Wash and trim the rhubarb, then slice it into 1/4-1/2 inch pieces. Add the rhubarb and strawberries to a 11″x7″ baking dish. Mix together, then spread out evenly.
Combine the tapioca starch with the maple syrup until completely combined and no lumps remain. Then mix in the orange/lemon zest and cinnamon, then pour the mixture over the sliced rhubarb and strawberries.
For the crisp topping, place the 3/4 cup oats into a food processor and process for 2-3 minutes or until you have a coarse flour. Add the butter in small pieces, coconut sugar, cinnamon, and sea salt. Pulse until the mixture begins to clump.
Add the chopped nuts and additional 1/4 cup rolled oats and mix the crisp topping together by hand.
Using your hands to break apart the topping, crumble it evenly over the top of the strawberry rhubarb mixture.
Bake it in the oven for 35-45 minutes or until the topping is golden brown and the filling is bubbling.

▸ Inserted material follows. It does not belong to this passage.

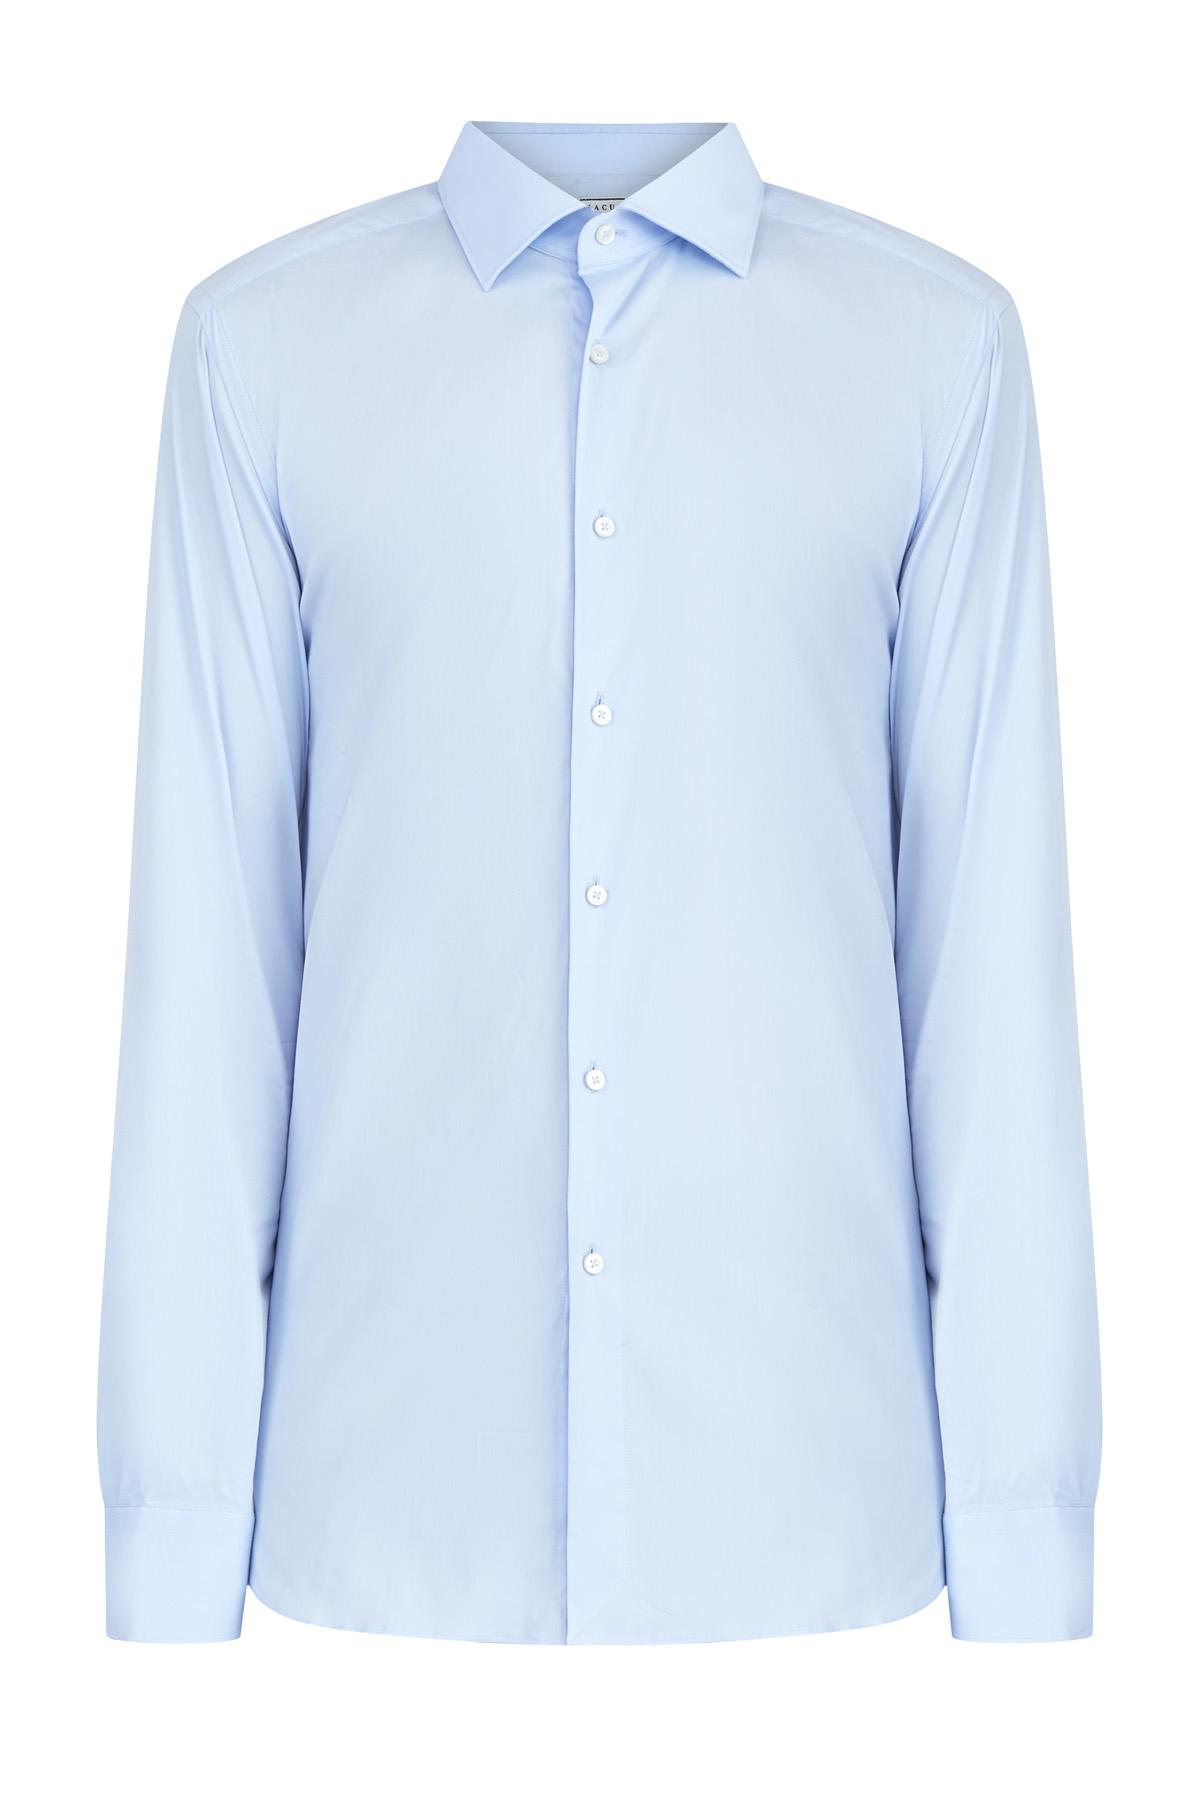 Классическая рубашка силуэта Tailor Fit из эластичного поплина

Serve hot, warm, or at room temperature with your favorite vanilla ice cream.
This rhubarb crisp is on the tangy side so that it pairs well with ice cream and isn’t overly sweet!

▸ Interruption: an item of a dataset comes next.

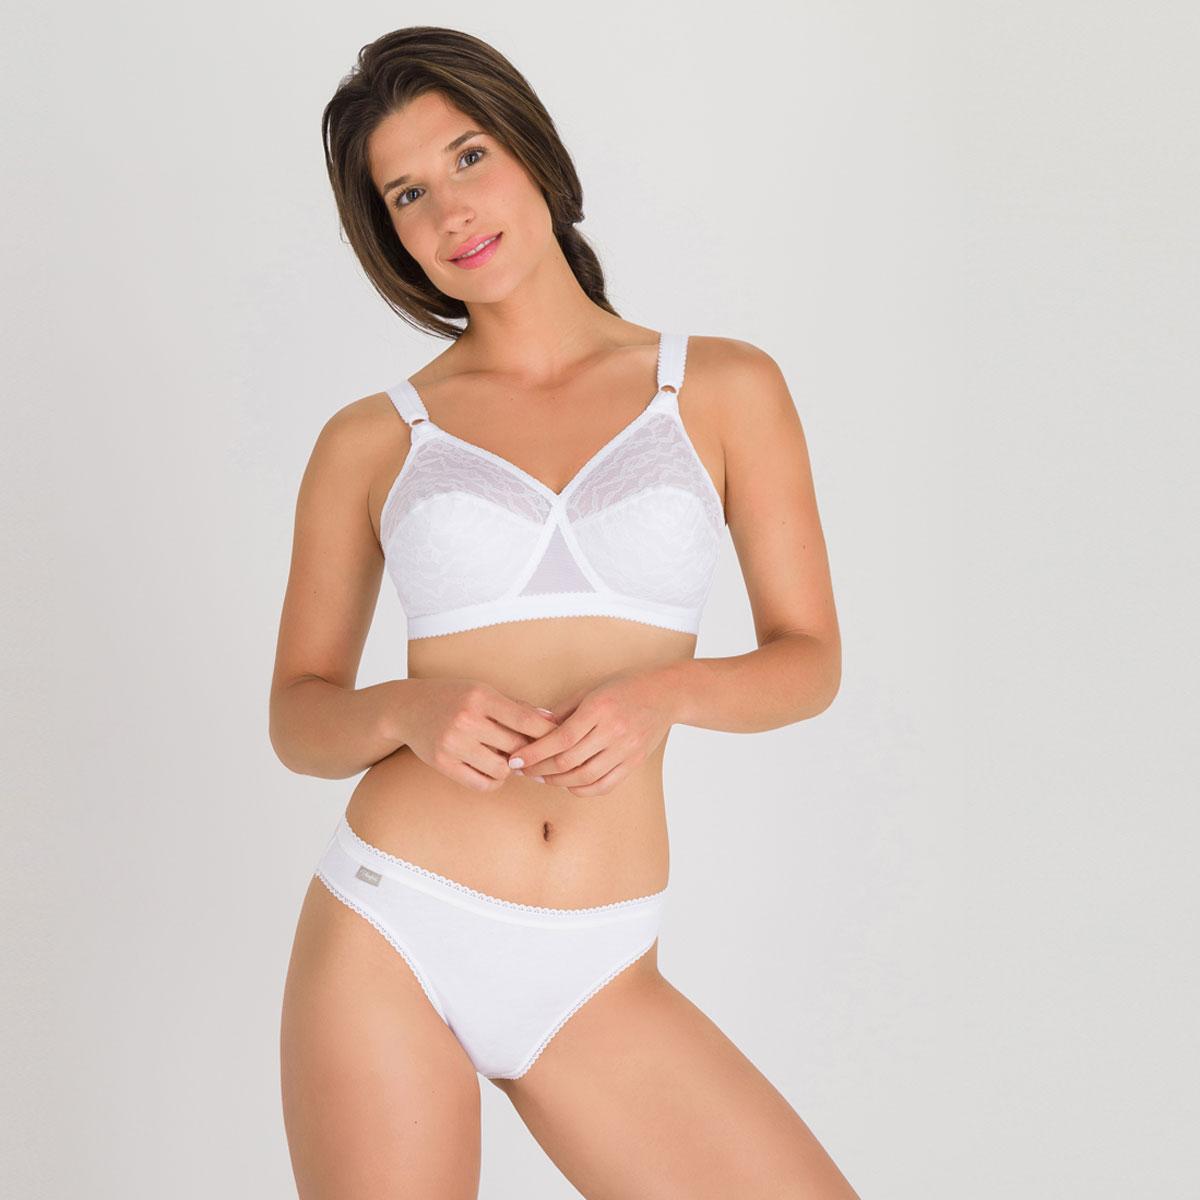 Pacco da 3 Slip Sgambati bianco - Cotone - PLAYTEX

Paleo Crisp Topping: 1 cup almond flour, 1 cup chopped walnuts, 1 teaspoon orange zest, 1/4 cup maple syrup, 1/4 cup coconut oil or ghee, (melted), 1 teaspoon cinnamon
- Prep Time: 30 mins
- Cook Time: 45 mins
- Category: Dessert
- Method: Baking
- Cuisine: American
Keywords: Strawberry Rhubarb Crisp Healthy, Strawberry Rhubarb Crisp Gluten Free, Best Strawberry Rhubarb Crisp
This post was originally published in 2014, but has been updated in 2021 to include new photos, prep photos, nutritional facts, more information and tips.
8 thoughts on “Strawberry Rhubarb Crisp (Gluten Free)”
How much of the juice should be added to the tapioca? And the recipe never mentions actually adding the strawberries themselves.
I usually add just enough to dissolve the tapioca, anywhere between 2-4 tablespoons. I’ve simplified things since I wrote this recipe, so I just fixed it and I hope that helps too. I now just mix the tapioca right away with the maple syrup and there’s no need to mix in strawberry juices. Also I’ve corrected the recipe to include the strawberries with the rhubarb. Thanks so much for your question and help, I greatly appreciate it!
It looks absolutely amazing, I cannot wait to try it (soon hopefully) !
Thanks for sharing as always…
I sure hope you enjoy it!
do you think fresh strawberries ok? Any advantage to frozen?
I think fresh strawberries should be fine, sometimes they’re less juicy than the frozen ones, especially if they’re out of season berries. Frozen berries are generally cheaper and depending on the brand can add more flavor to the crisp than an out of season fresh strawberry. Let me know how it goes and if you have anymore questions!
I recently had a feud with my friend Tom (he’s from London), he insisted that this kind of dessert is called a crumble while a crisp is a potato chip.
We went on for hours and he said that we (Americans) are calling things with the wrong name. You know how arrogant British are when it comes to English language… 😉
Anyways, I can’t wait to get some rhubarb to make this beautiful CRISP (the paleo version, of course!)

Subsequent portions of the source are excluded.